### [Exercise details]
Return the stretch from the line with "1.80ct Fine Olive" through the line with "Hulk Hogan speaks" in the data below, character for character, skipping all pictures.

### [Data to examine]
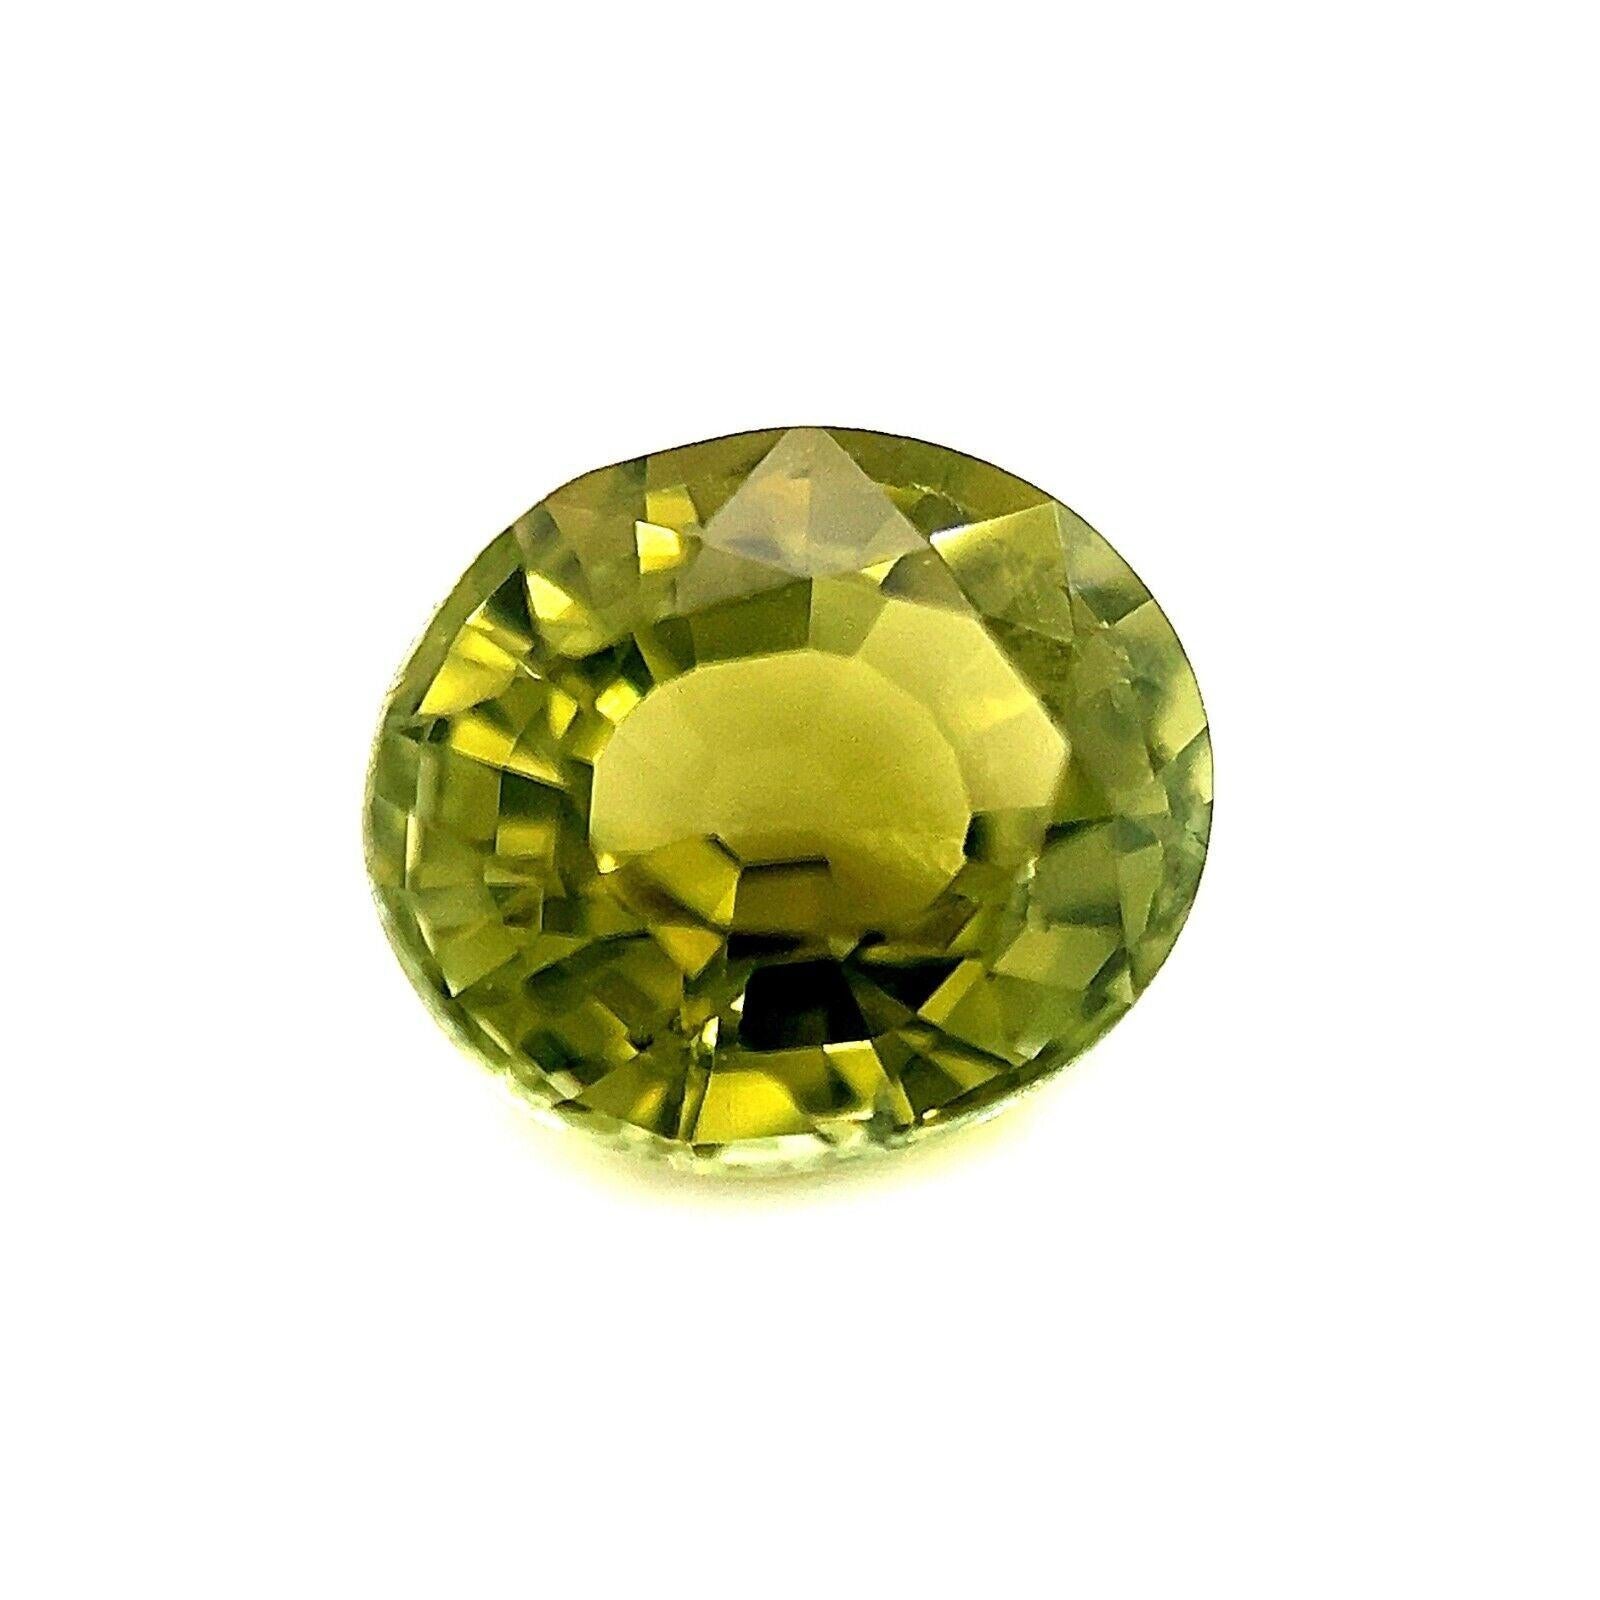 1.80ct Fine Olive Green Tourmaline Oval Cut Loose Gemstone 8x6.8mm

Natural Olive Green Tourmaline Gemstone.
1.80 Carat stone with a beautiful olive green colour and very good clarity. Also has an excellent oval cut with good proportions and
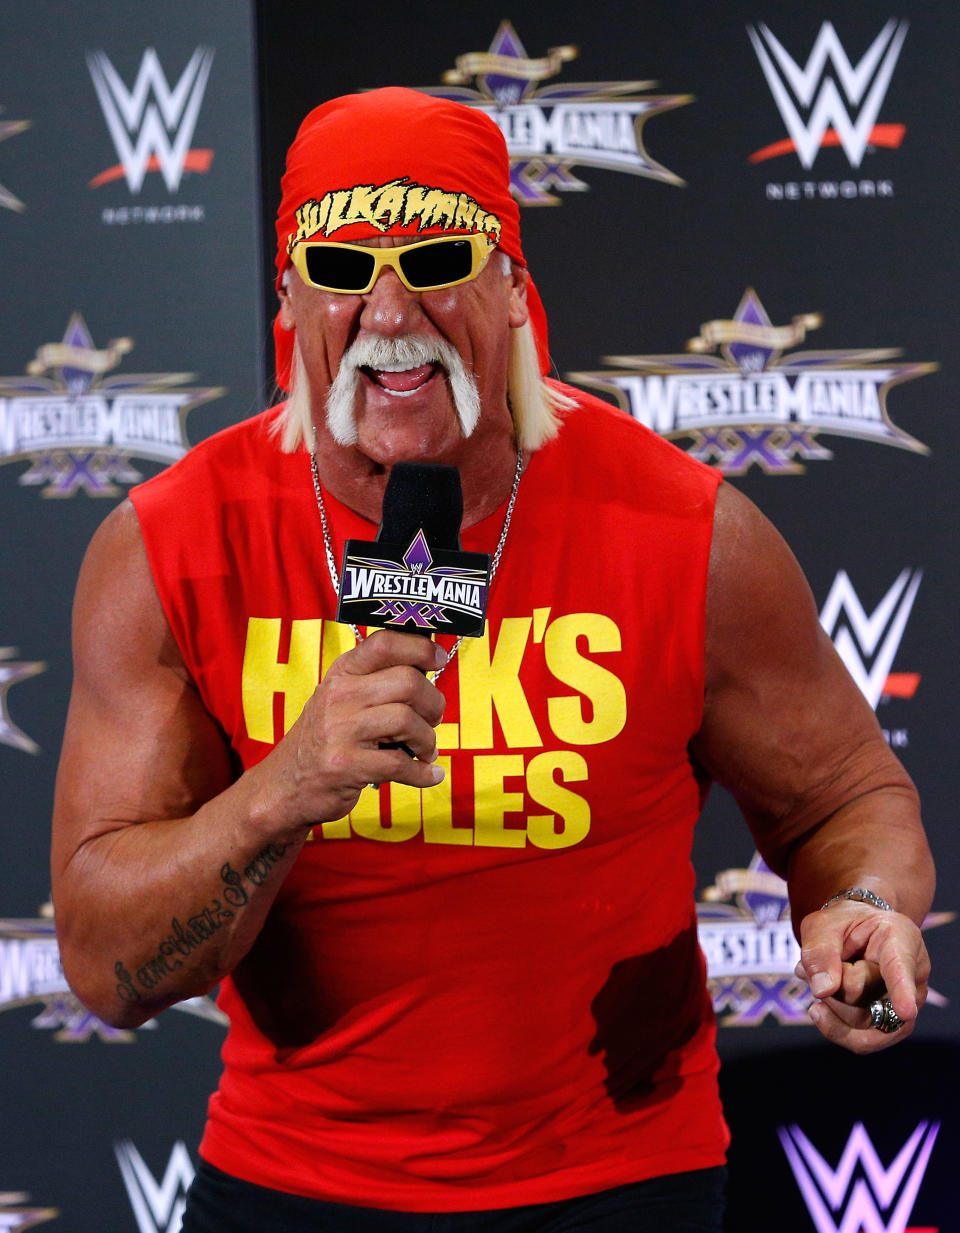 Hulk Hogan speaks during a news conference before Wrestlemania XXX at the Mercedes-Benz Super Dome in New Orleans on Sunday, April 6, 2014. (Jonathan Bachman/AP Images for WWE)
--
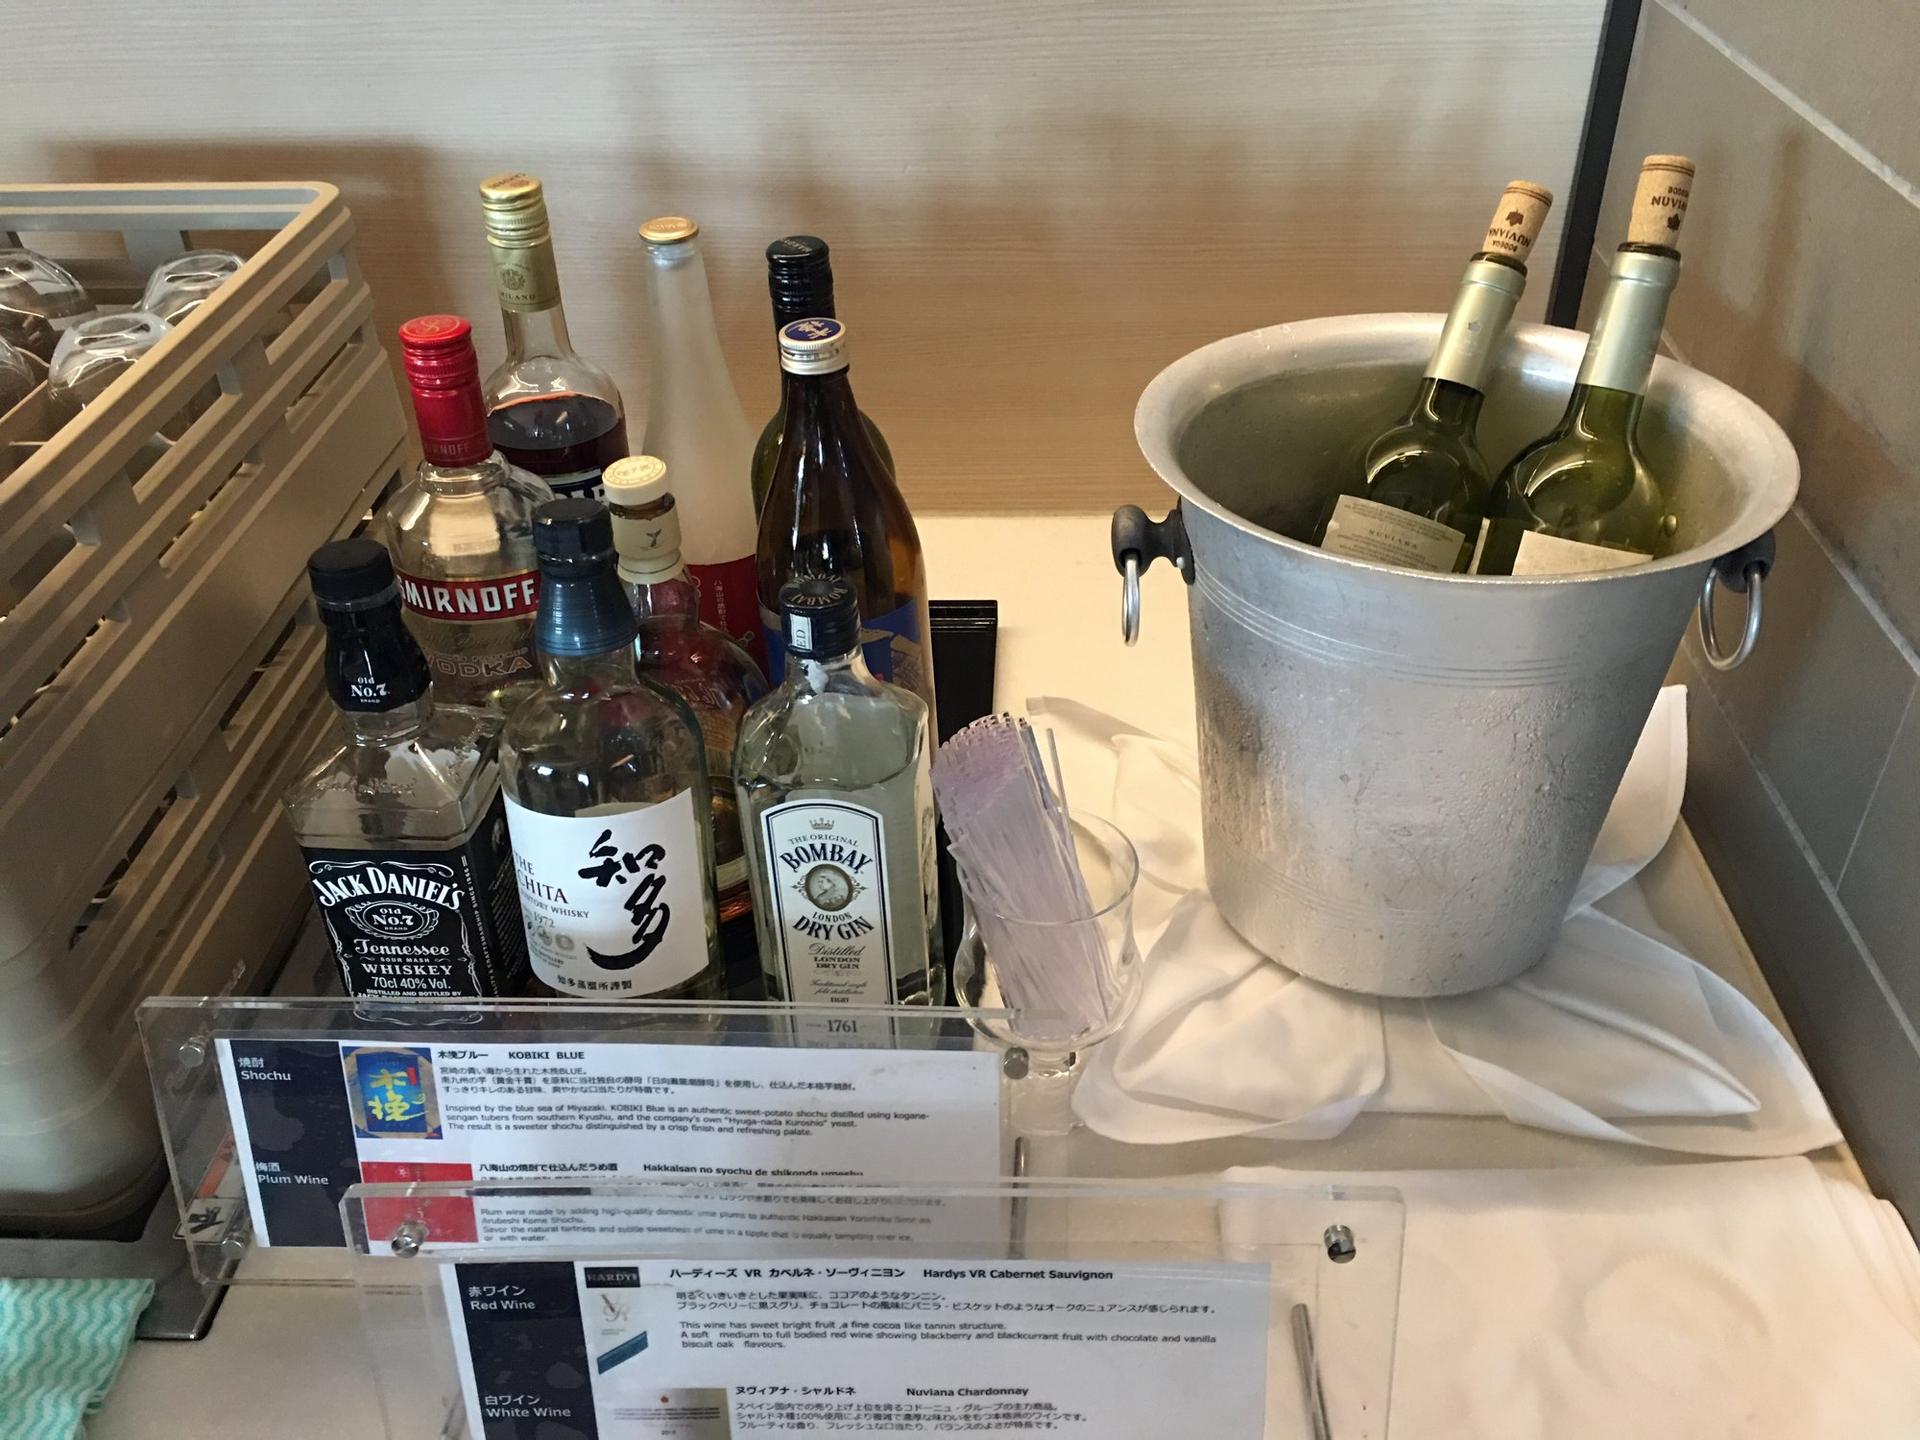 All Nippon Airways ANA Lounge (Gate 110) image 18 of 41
* * *
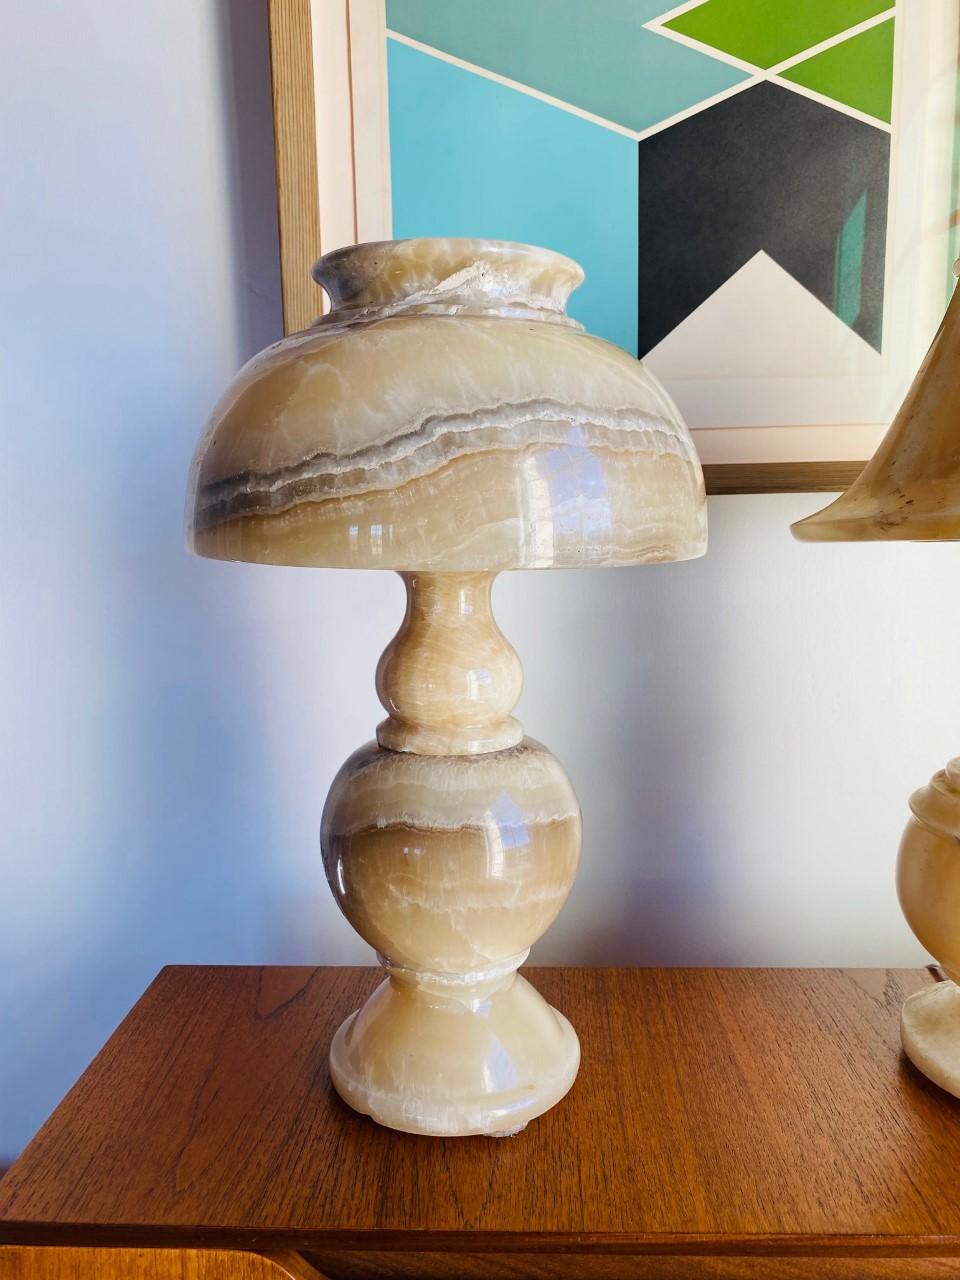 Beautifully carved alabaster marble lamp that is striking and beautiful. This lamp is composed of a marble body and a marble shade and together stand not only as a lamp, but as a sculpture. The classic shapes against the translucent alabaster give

### [Answer area]
 1.80ct Fine Olive Green Tourmaline Oval Cut Loose Gemstone 8x6.8mm

Natural Olive Green Tourmaline Gemstone.
1.80 Carat stone with a beautiful olive green colour and very good clarity. Also has an excellent oval cut with good proportions and
 Hulk Hogan speaks during a news conference before Wrestlemania XXX at the Mercedes-Benz Super Dome in New Orleans on Sunday, April 6, 2014. (Jonathan Bachman/AP Images for WWE)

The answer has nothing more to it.